Ginkgo biloba for Prevention of Dementia A Randomized Controlled Trial

University of Pittsburgh, Pittsburgh, Pennsylvania, USA.
JAMA The Journal of the American Medical Association (Impact Factor: 35.29). 12/2008; 300(19):2253-62. DOI: 10.1001/jama.2008.683
Source: PubMed


Ginkgo biloba is widely used for its potential effects on memory and cognition.
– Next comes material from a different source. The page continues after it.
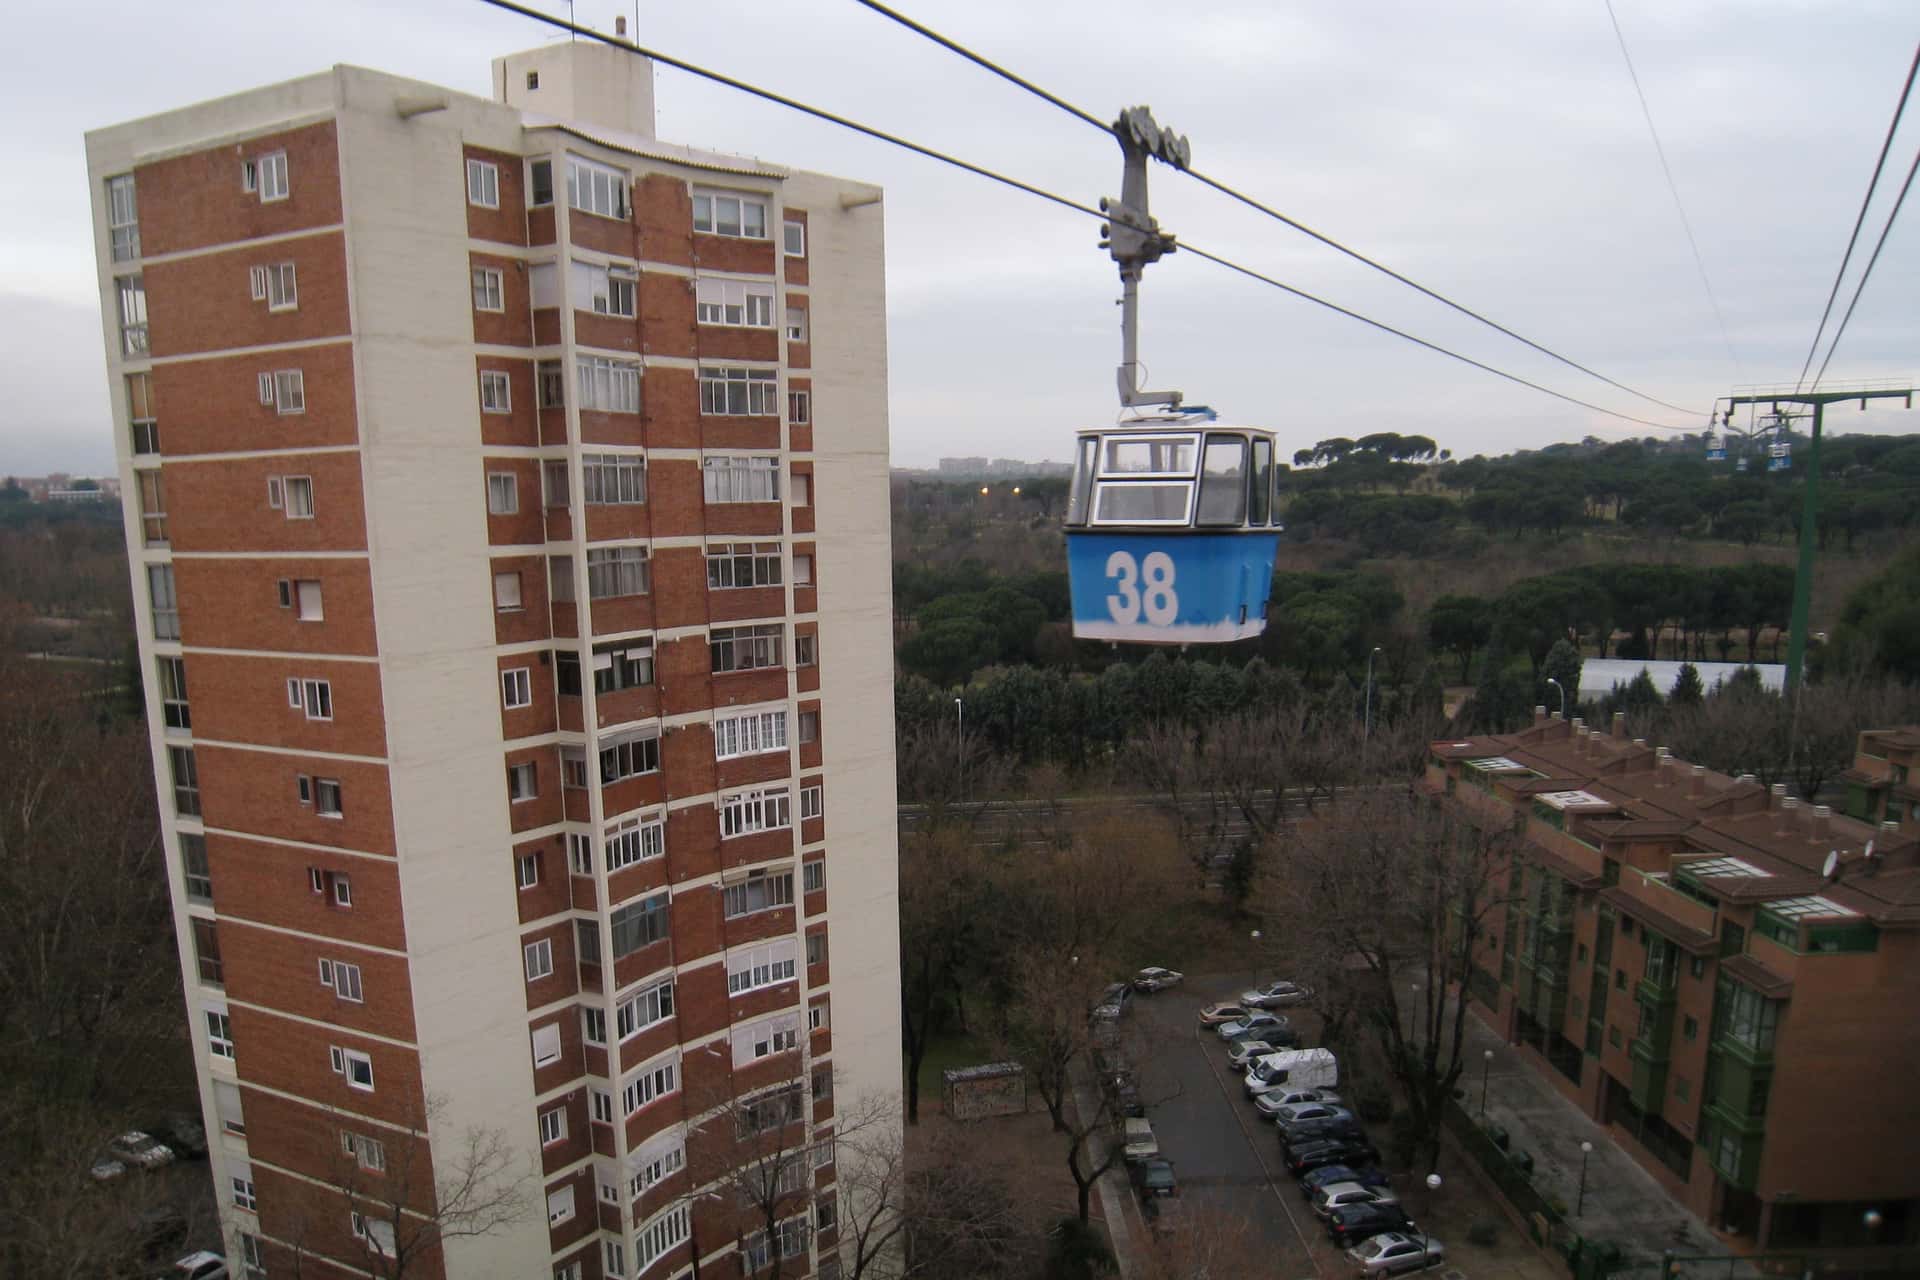 Teleférico de Madrid passing by high-rise apartments

To date, adequately powered clinical trials testing the effect of G. biloba on dementia incidence are lacking.
To determine effectiveness of G. biloba vs placebo in reducing the incidence of all-cause dementia and Alzheimer disease (AD) in elderly individuals with normal cognition and those with mild cognitive impairment (MCI).
Randomized, double-blind, placebo-controlled clinical trial conducted in 5 academic medical centers in the United States between 2000 and 2008 with a median follow-up of 6.1 years. Three thousand sixty-nine community volunteers aged 75 years or older with normal cognition (n = 2587) or MCI (n = 482) at study entry were assessed every 6 months for incident dementia.
Twice-daily dose of 120-mg extract of G. biloba (n = 1545) or placebo (n = 1524).
Incident dementia and AD determined by expert panel consensus.
Five hundred twenty-three individuals developed dementia (246 receiving placebo and 277 receiving G. biloba) with 92% of the dementia cases classified as possible or probable AD, or AD with evidence of vascular disease of the brain. Rates of dropout and loss to follow-up were low (6.3%), and the adverse effect profiles were similar for both groups. The overall dementia rate was 3.3 per 100 person-years in participants assigned to G. biloba and 2.9 per 100 person-years in the placebo group. The hazard ratio (HR) for G. biloba compared with placebo for all-cause dementia was 1.12 (95% confidence interval [CI], 0.94-1.33; P = .21) and for AD, 1.16 (95% CI, 0.97-1.39; P = .11). G. biloba also had no effect on the rate of progression to dementia in participants with MCI (HR, 1.13; 95% CI, 0.85-1.50; P = .39).
In this study, G. biloba at 120 mg twice a day was not effective in reducing either the overall incidence rate of dementia or AD incidence in elderly individuals with normal cognition or those with MCI. Trial Registration Identifier: NCT00010803.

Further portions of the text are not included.